Strategies for applying the relatively new tools of e-learning to medicine have yet to be developed . In order to do so, the needs of the users should first be analyzed. In addition, it should also be clarified what they want to learn and how they want to learn [8, 38]. Suitable instruments need to be developed for this purpose. Only then we will be able to develop efficient (online) CME and CPD programs that implement sustainable, evidence-based guidelines respectively new knowledge and lead to an improvement of medical care. In this respect, a large need for research has been identified.
As a first step, it is important to clarify how doctors learn and make sure that their knowledge and skills are up-to-date.
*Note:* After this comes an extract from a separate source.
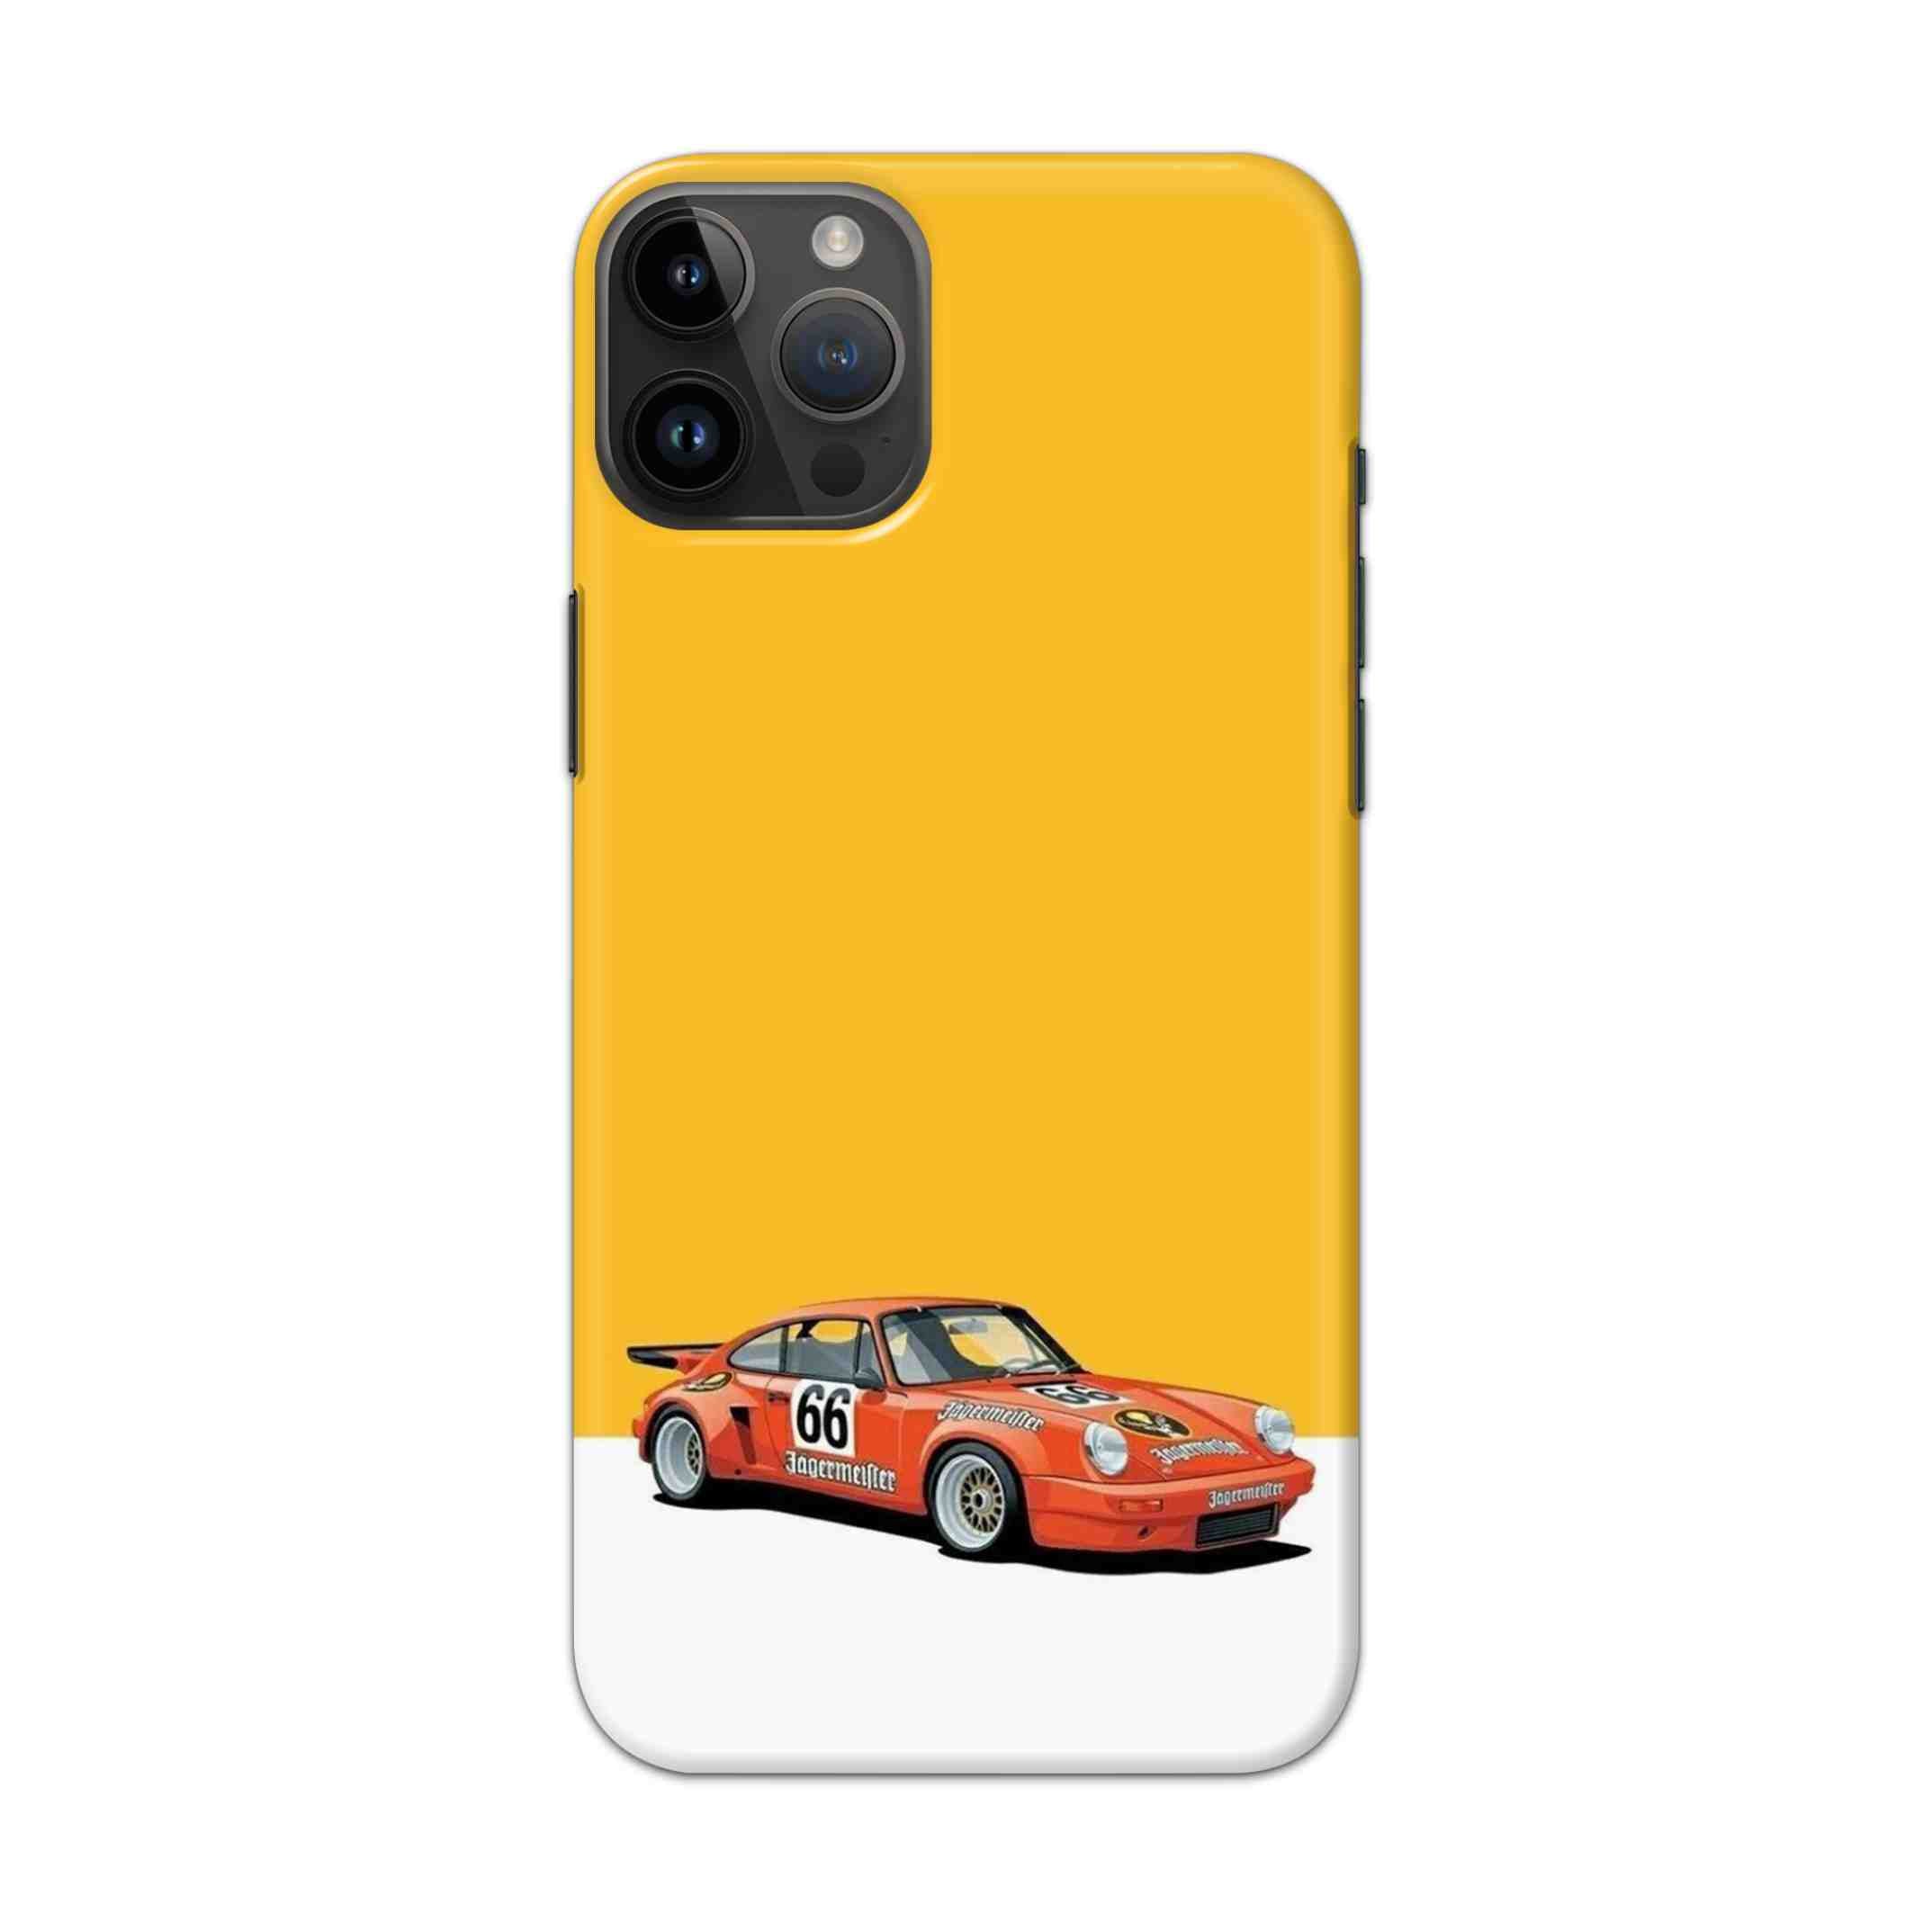 Buy Porche Hard Back Mobile Phone Case/Cover For iPhone 14 Pro Max Online

The following questions serve to determine this [40
"Which educational interventions work in which situations?"
"What factors promote the adoption of guidelines?"
"Which factors inhibit their adoption?" (Authors note: barrier analysis)
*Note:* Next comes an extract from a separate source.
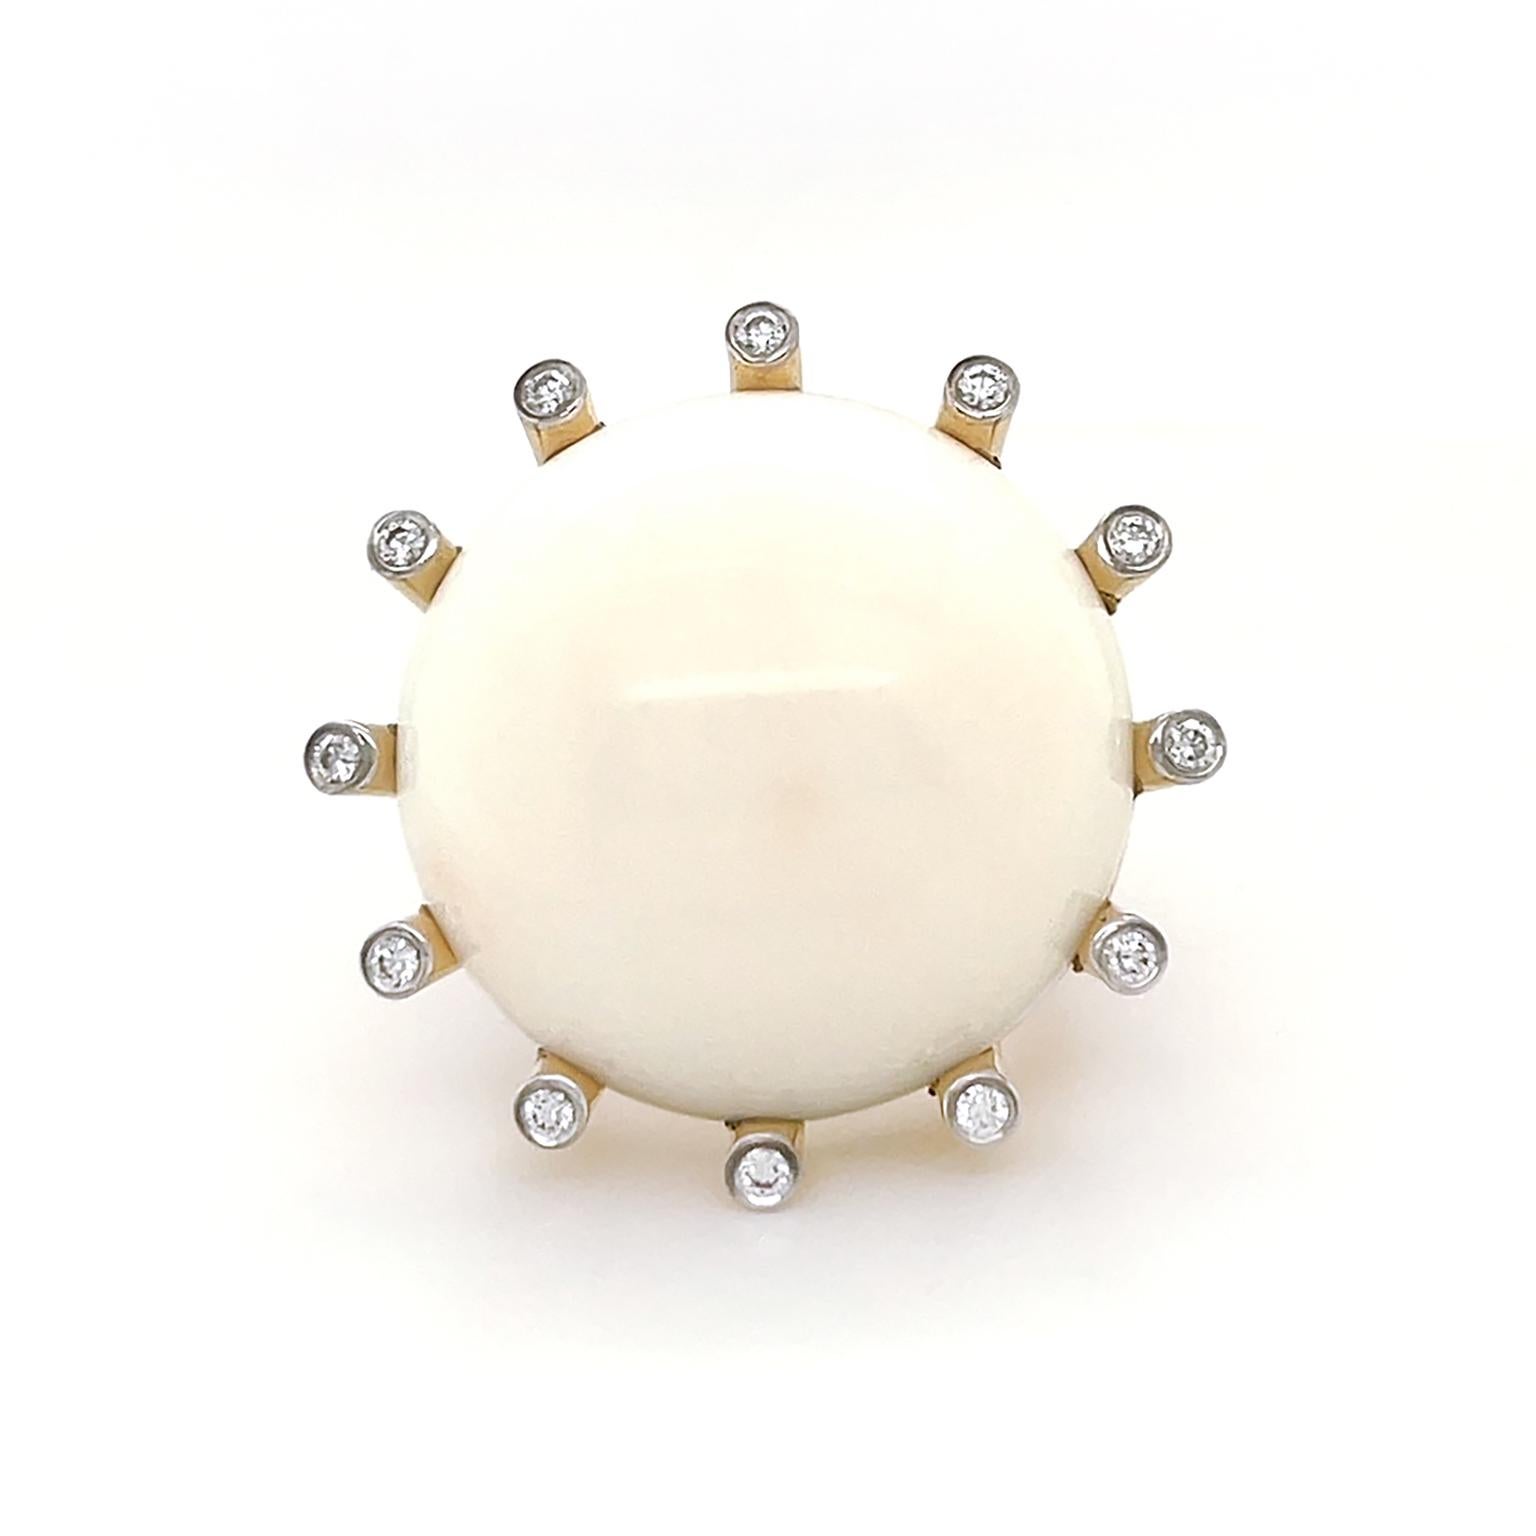 A lustrous white coral embodies the warmth of 18k yellow gold and diamonds for this La Luna ring. Secured by narrow cylinders of 18k yellow gold, the ring features a round 25mm carving of white coral with a single brilliant cut diamond on each tip.

"What type of physician learning happens at what stages?"
The goal of the WIDA study is to compare the blended-learning concept with conventional training methods in order to assess whether the new concept can lead to an improved knowledge translation of dementia-related methods of diagnosis and treatment.
WIDA seeks to achieve the following goals:
Creation of two different training concepts for transferring evidence-based knowledge on dementia to participants of GP quality circles (randomization on the level of the quality circles)
Testing of contents and didactic materials with a large number of GPs in terms of knowledge gain and (to some extent) behavior-related changes
Identification and description of
∘ content-related barriers, for example GPs' reluctance to deal with the dementia syndrome
∘ technical barriers, for example the chosen media or e-learning tools
The study results provide insights into how GPs can best be trained in an evidence-based and decentralized way.